Exercise materials:
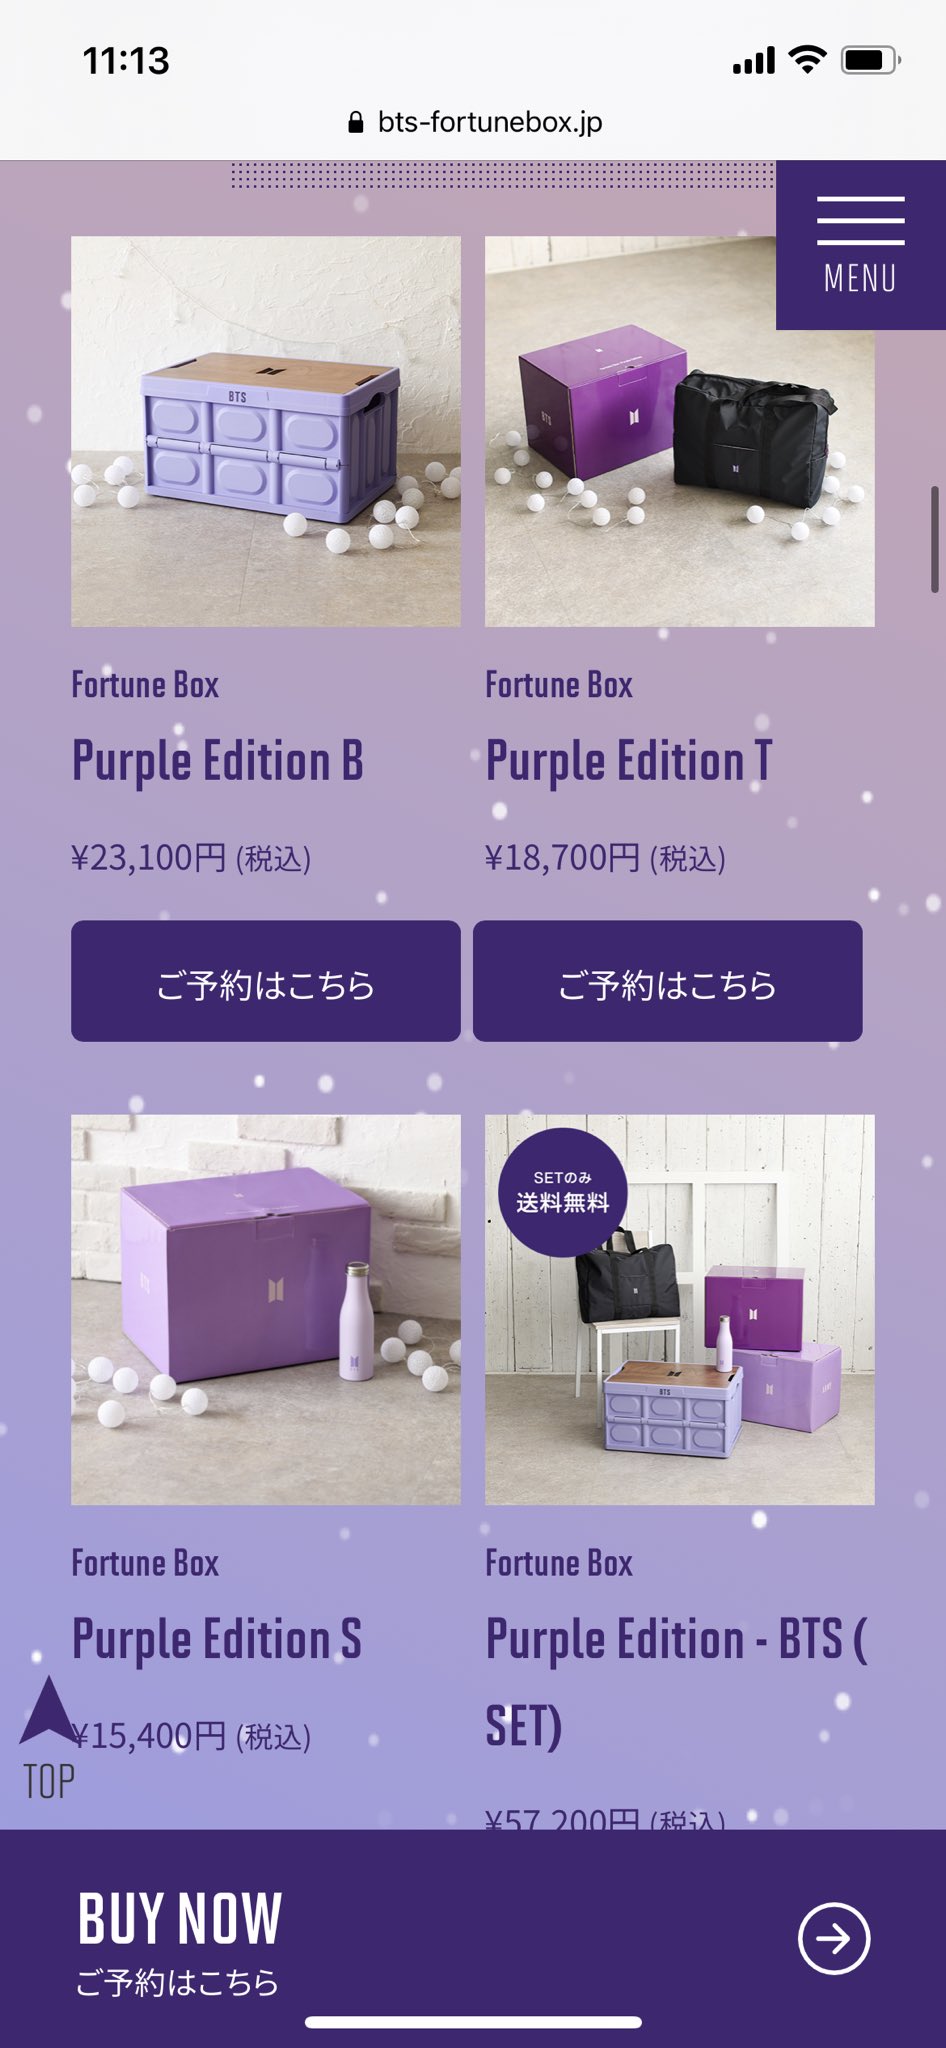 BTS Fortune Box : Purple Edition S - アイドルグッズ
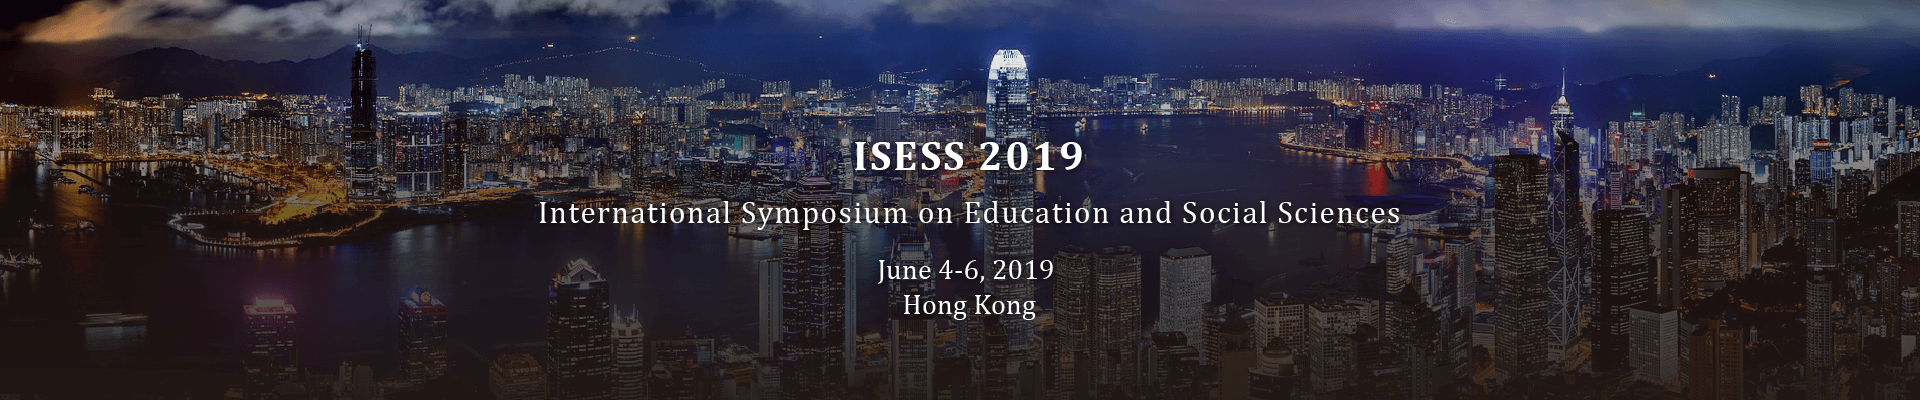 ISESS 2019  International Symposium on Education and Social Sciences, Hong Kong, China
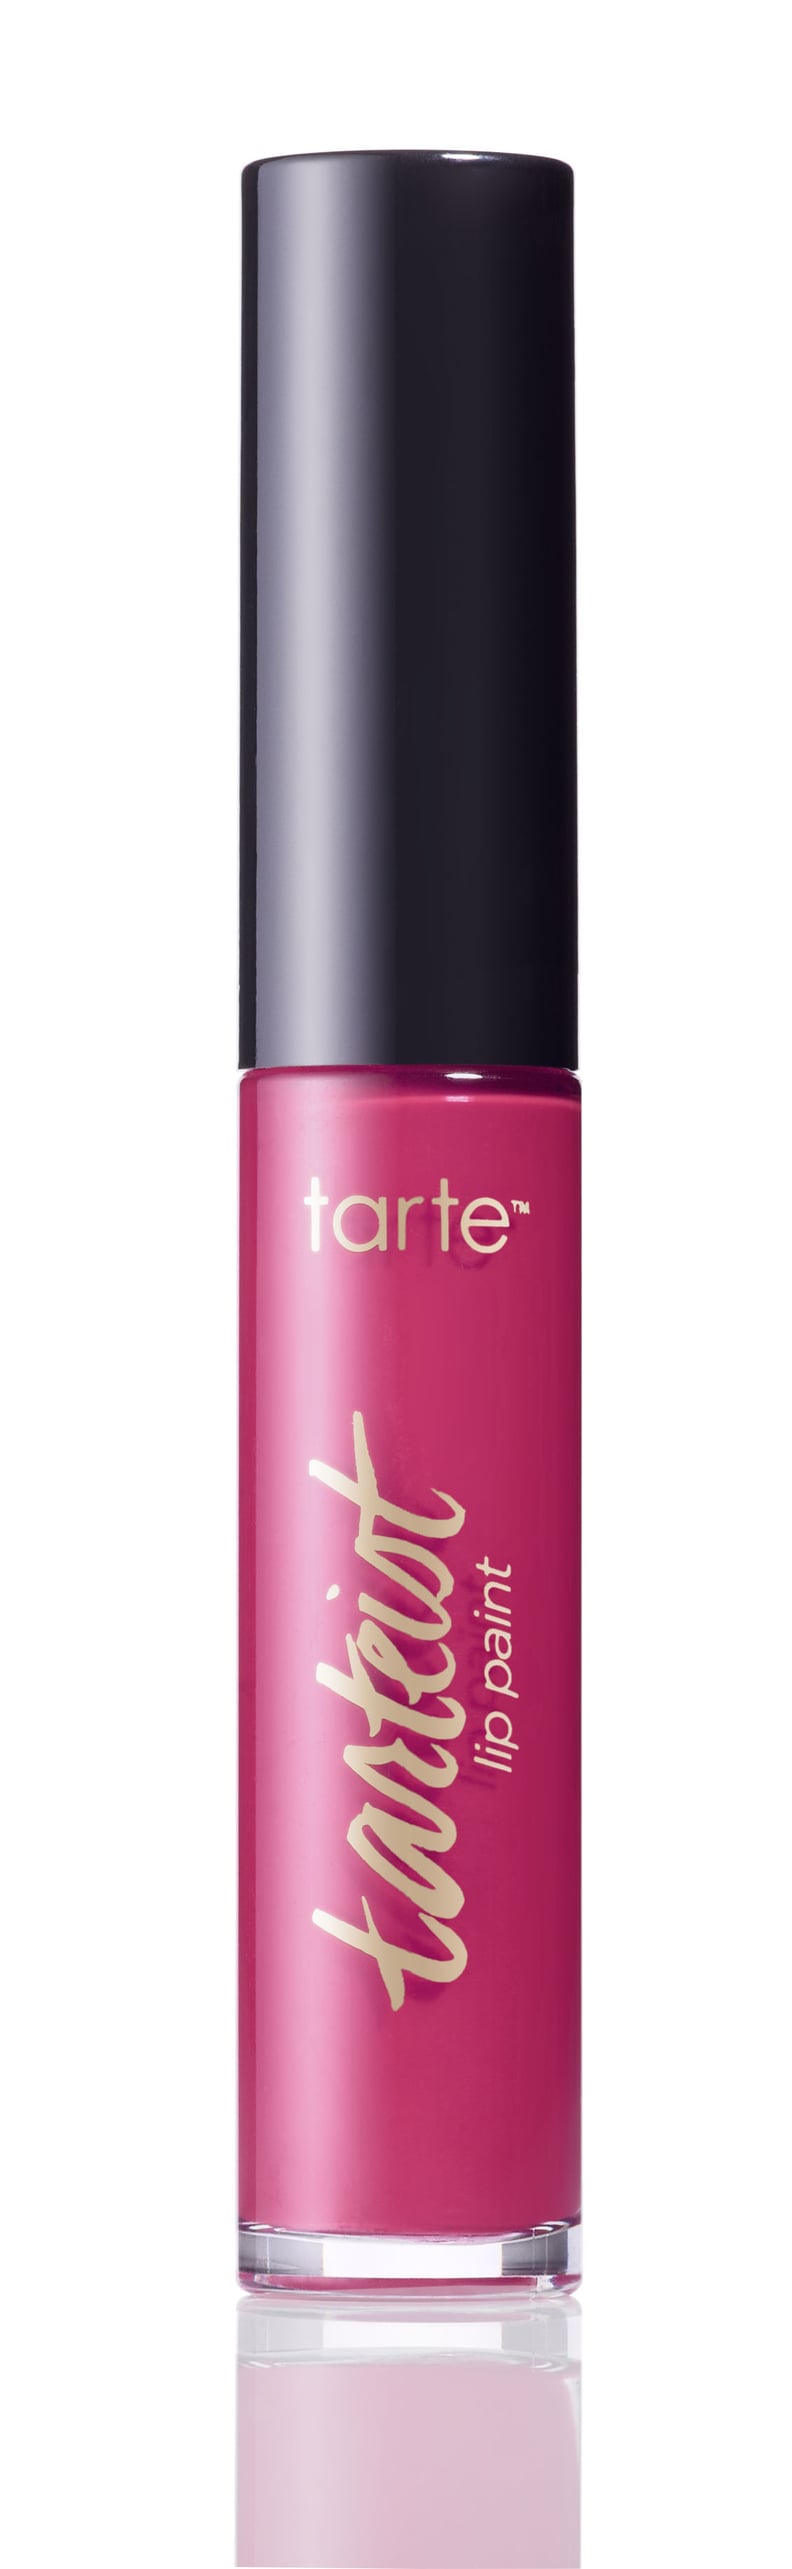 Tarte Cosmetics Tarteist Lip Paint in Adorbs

--

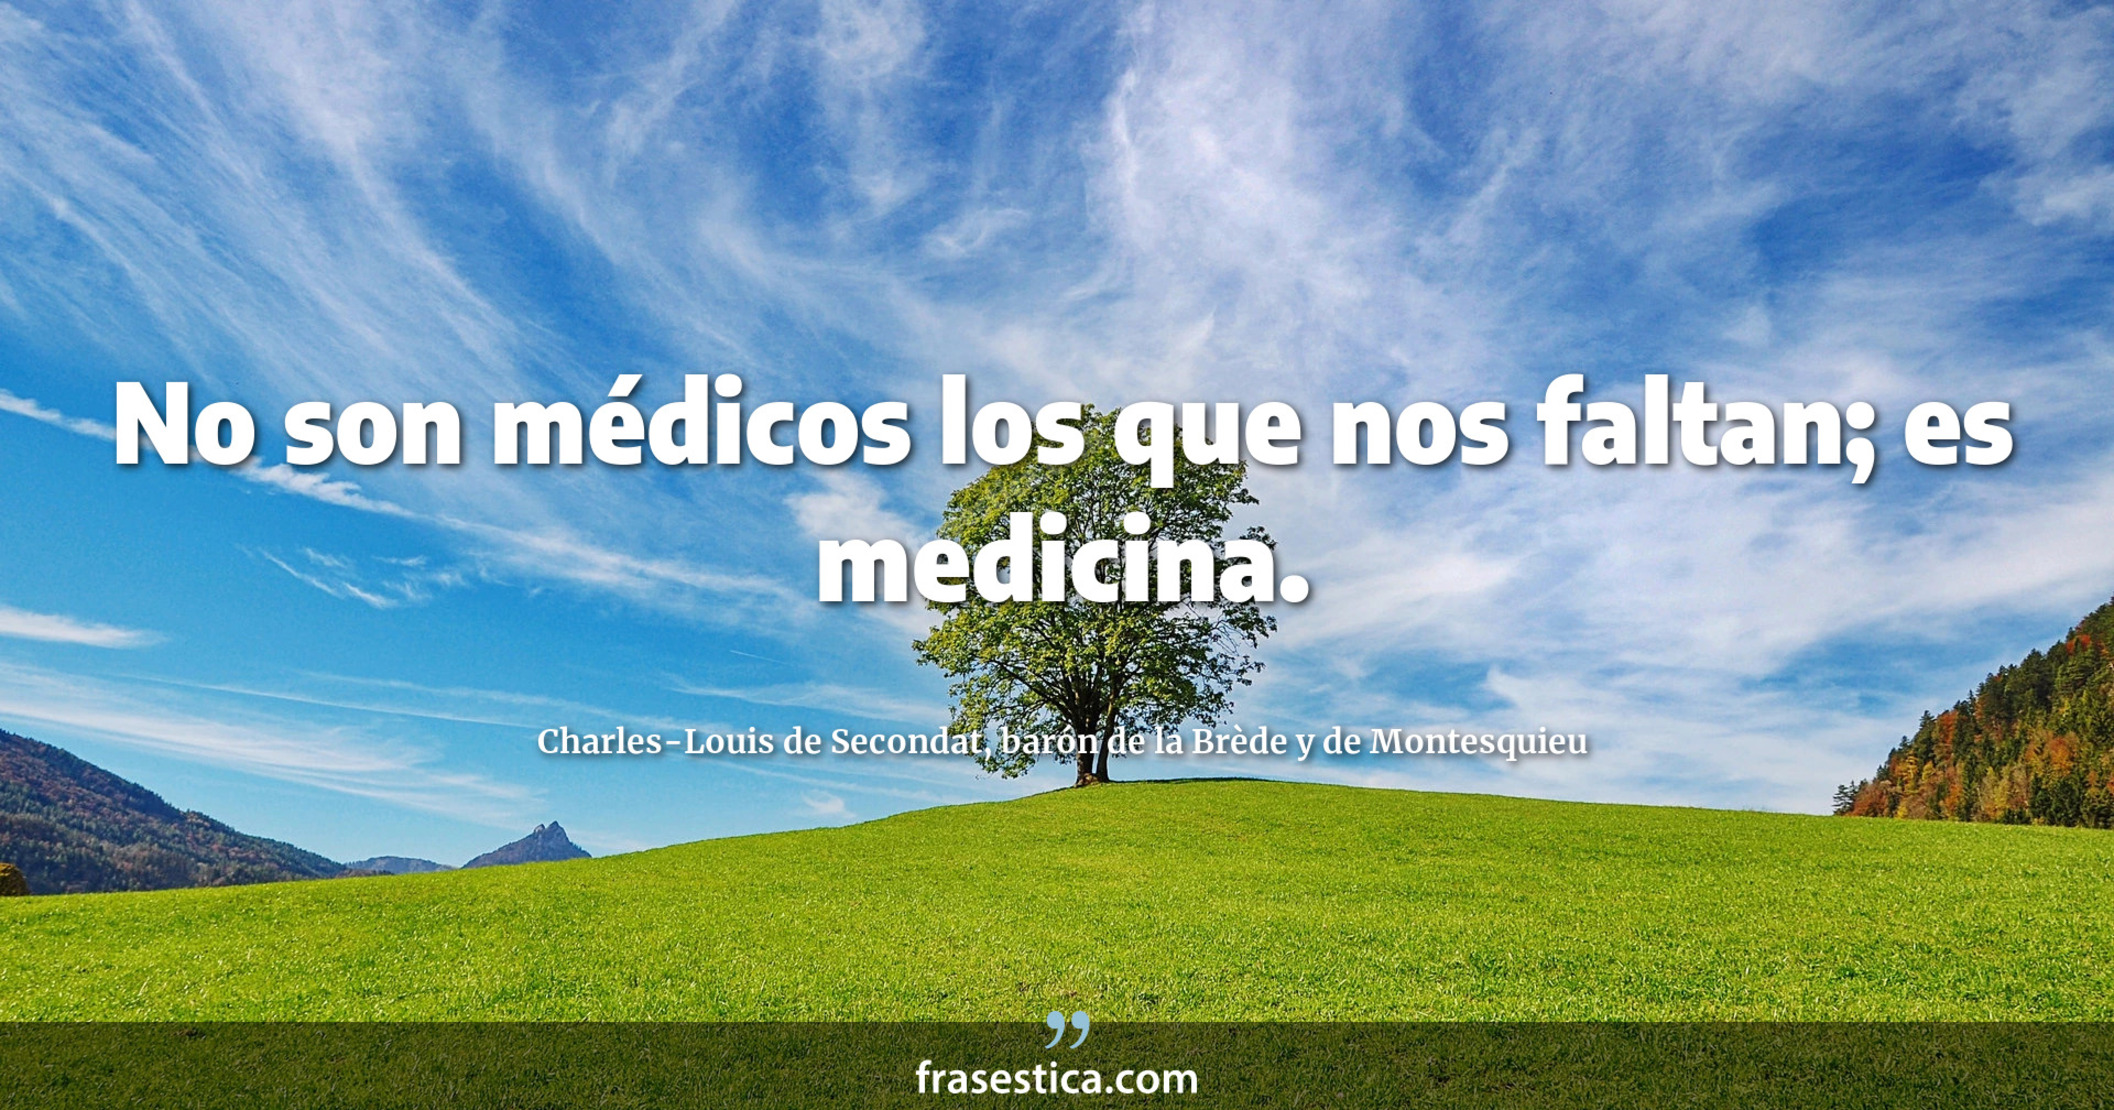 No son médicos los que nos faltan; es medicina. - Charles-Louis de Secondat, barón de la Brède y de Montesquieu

Aim of the task: Reproduce exactly the lines above that run from the one with "BTS Fortune Box : Purple Edition S - アイドルグッズ" to the one with "Tarte Cosmetics Tarteist Lip Paint in Adorbs", both included, leaving pictures out.

Solution for this exercise:
 BTS Fortune Box : Purple Edition S - アイドルグッズ
 ISESS 2019  International Symposium on Education and Social Sciences, Hong Kong, China
 Tarte Cosmetics Tarteist Lip Paint in Adorbs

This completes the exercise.